Java File parsing toolkit design, quick file encoding sanity check

(Disclaimer: I looked at a number of posts on here before asking, I found this one particularly helpful, I was just looking for a bit of a sanity check from you folks if possible)
Hi All,
I have an internal Java product that I have built for processing data files for loading into a database (AKA an ETL tool). I have pre-rolled stages for XSLT transformation, and doing things like pattern replacing within the original file. The input files can be of any format, they may be flat data files or XML data files, you configure the stages you require for the particular datafeed being loaded.
I have up until now ignored the issue of file encoding (a mistake I know), because all was working fine (in the main). However, I am now coming up against file encoding issues, to cut a long story short, because of the nature of the way stages can be configured together, I need to detect the file encoding of the input file and create a Java Reader object with the appropriate arguments. I just wanted to do a quick sanity check with you folks before I dive into something I can't claim to fully comprehend:
Adopt a standard file encoding of UTF-16 (I'm not ruling out loading double-byte characters in the future) for all files that are output from every stage within my toolkit
Use JUniversalChardet or jchardet to sniff the input file encoding
Use the Apache Commons IO library to create a standard reader and writer for all stages (am I right in thinking this doesn't have a similar encoding-sniffing API?)
Do you see any pitfalls/have any extra wisdom to offer in my outlined approach?
Is there any way I can be confident of backwards compatibility with any data loaded using my existing approach of letting the Java runtime decide the encoding of windows-1252?
Thanks in advance,
-James
With flat character data files, any encoding detection will need to rely on statistics and heuristics (like the presence of a BOM, or character/pattern frequency) because there are byte sequences that will be legal in more than one encoding, but map to different characters.
XML encoding detection should be more straightforward, but it is certainly possible to create ambiguously encoded XML (e.g. by leaving out the encoding in the header).
It may make more sense to use encoding detection APIs to indicate the probability of error to the user rather than rely on them as decision makers.
When you transform data from bytes to chars in Java, you are transcoding from encoding X to UTF-16(BE). What gets sent to your database depends on your database, its JDBC driver and how you've configured the column. That probably involves transcoding from UTF-16 to something else. Assuming you're not altering the database, existing character data should be safe; you might run into issues if you intend parsing BLOBs. If you've already parsed files written in disparate encodings, but treated them as another encoding, the corruption has already taken place - there are no silver bullets to fix that. If you need to alter the character set of a database from "ANSI" to Unicode, that might get painful.

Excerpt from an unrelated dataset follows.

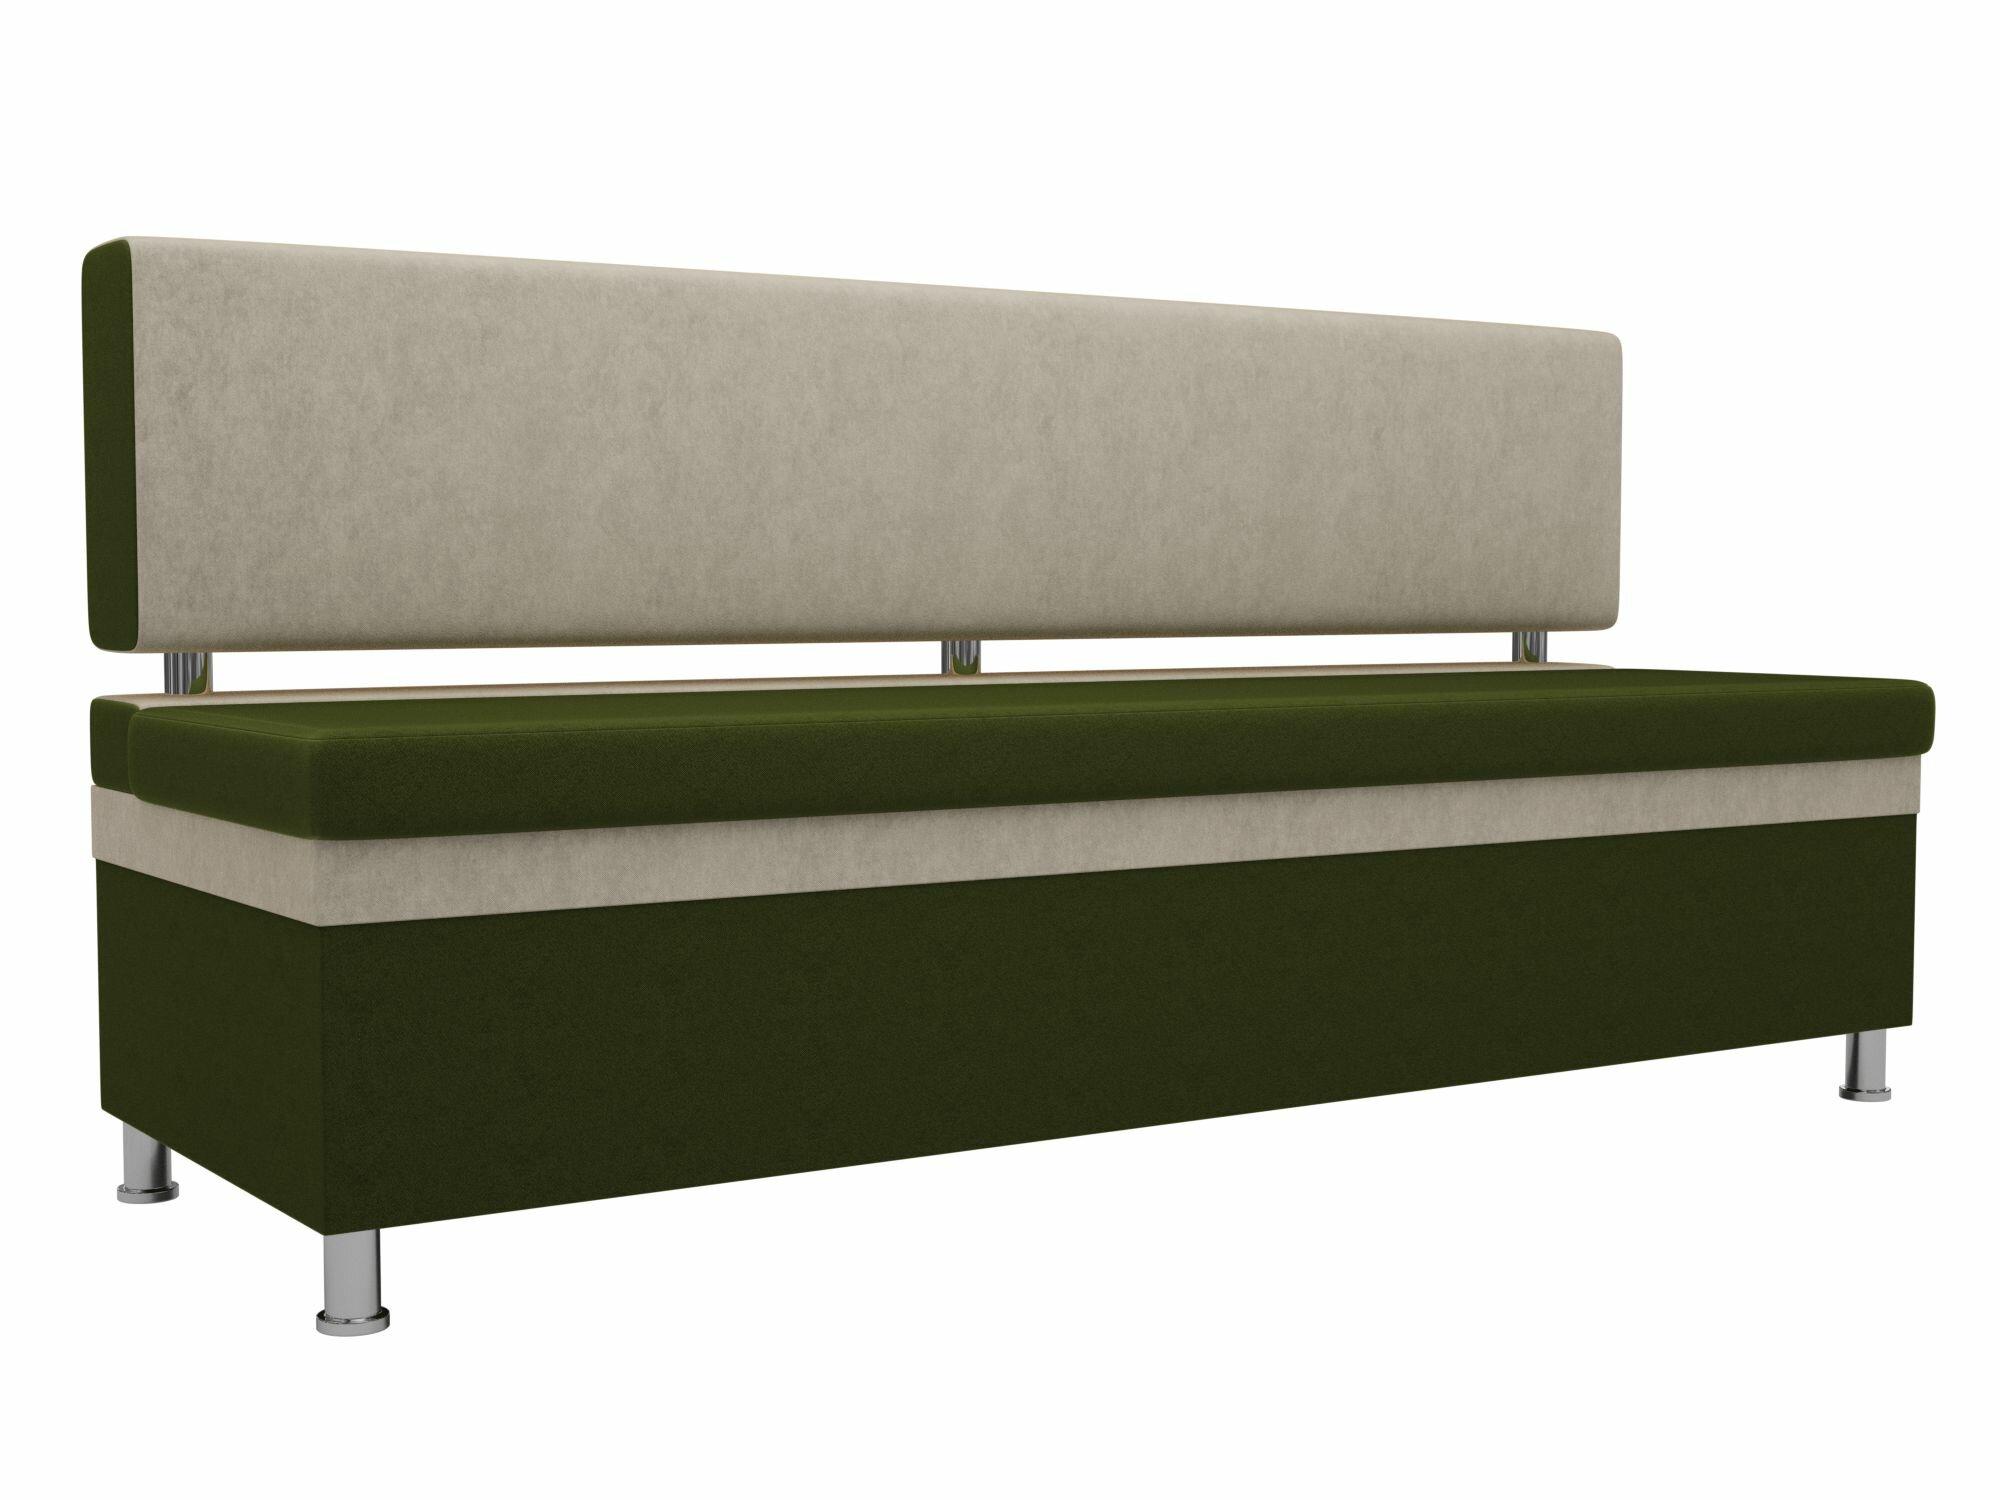 Мебель для кухни Мебелонс Кухонный прямой диван Стайл

Adoption of Unicode wherever possible is a good idea. It may not be possible, but prefer file formats where you can make encoding unambiguous - things like XML (which makes it easy) or JSON (which mandates UTF-8).
Option 1 strikes me as breaking backwards compatibility (certainly in the long run), although the "right way" to go (the right way option generally does break backwards compatibility) with perhaps additional thoughts about if UTF-8 would be a good choice.
Sniffing the encoding strikes me as reasonable if you have a limited, known set of encodings that you tested to know that your sniffer correctly distinguishes and identifies.
Another option here is to use some form of meta-data (file naming convention if nothing else more robust is an option) that lets your code know that the data was provided according to the UTF-16 standard and behave accordingly, otherwise convert it to the UTF-16 standard before moving forward.